Authors: Ryder, M.; Callahan, M.; Postow, M. A.; Wolchok, J.; Fagin, J. A.
Article Title: Endocrine-related adverse events following ipilimumab in patients with advanced melanoma: A comprehensive retrospective review from a single institution
Abstract: Novel immune checkpoint blockade with ipilimumab, an antibody blocking the cytotoxic T-lymphocyte antigen 4 (CTLA4), is revolutionizing cancer therapy. However, ipilimumab induces symptomatic, sometimes severe, endocrine immune-related adverse events (irAEs) that are inconsistently recognized and reported. The objective of this review was to comprehensively characterize the incidence, presentation, and management of endocrinopathies following ipilimumab therapy in a single center that is highly specialized in immune checkpoint blockade. We carried out a retrospective analysis of endocrine irAEs in melanoma patients receiving ipilimumab therapy in clinical trials between 2007 and 2013. A total of 256 patients were included in this analysis.We reviewed pituitary-, thyroid-, and adrenal-related hormone test results, as well as radiographic studies and the clinical histories of patients, to identify and characterize cases of hypophysitis, hypothyroidism, thyroiditis, and adrenal dysfunction. Following ipilimumab therapy, the overall incidence of hypophysitis was 8%and that of hypothyroidism/thyroiditis 6%. Primary adrenal dysfunction was rare.
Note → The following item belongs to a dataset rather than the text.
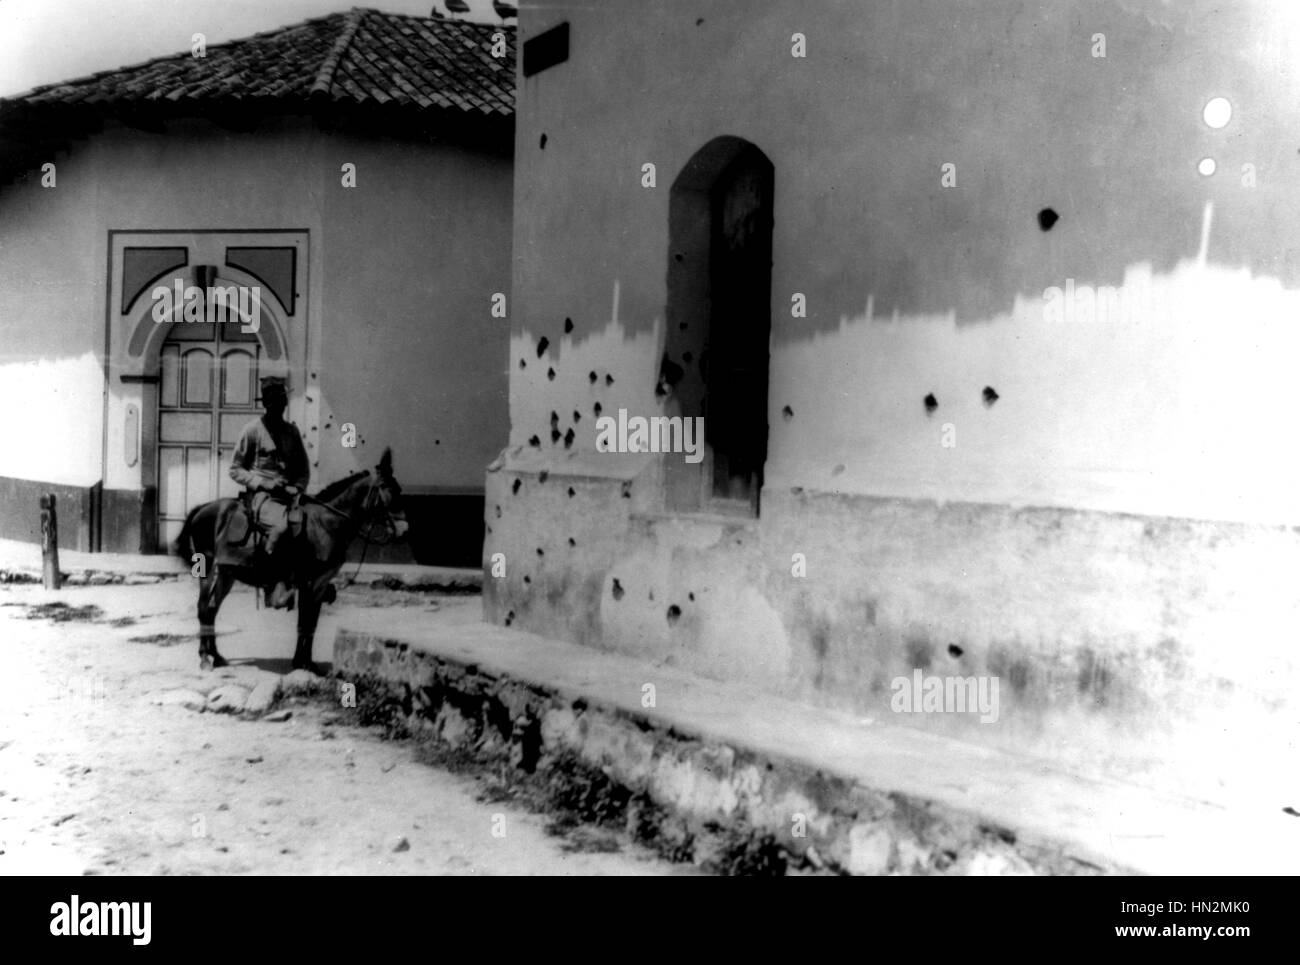 Wall pocked with bullet holes during machine gun fire by Sandino's rebel forces Around 1916-1920 Nicaragua Washington. National archives Stock Photo

Therapy with a combination of ipilimumab and nivolumab, an anti-programmed cell death 1 (PDCD1, also called PD1) receptor antibody, was associated with a 22% incidence of either thyroiditis or hypothyroidism and a 9% incidence of hypophysitis. Symptomatic relief, in particular, for hypophysitis, was achieved in all patients with hormone replacement, although endogenous hormone secretion rarely recovered. In summary, we observed that CTLA4 blockade alone, and in particular in combination with PD1 blockade, is associated with an increased risk of symptomatic, sometimes severe, hypophysitis as well as thyroid dysfunction. Prompt initiation with hormone replacement reverses symptoms. Evaluation and reporting of endocrine irAEs in clinical trials should be done using standardized diagnostic criteria and terminology. © 2014 Society for Endocrinology.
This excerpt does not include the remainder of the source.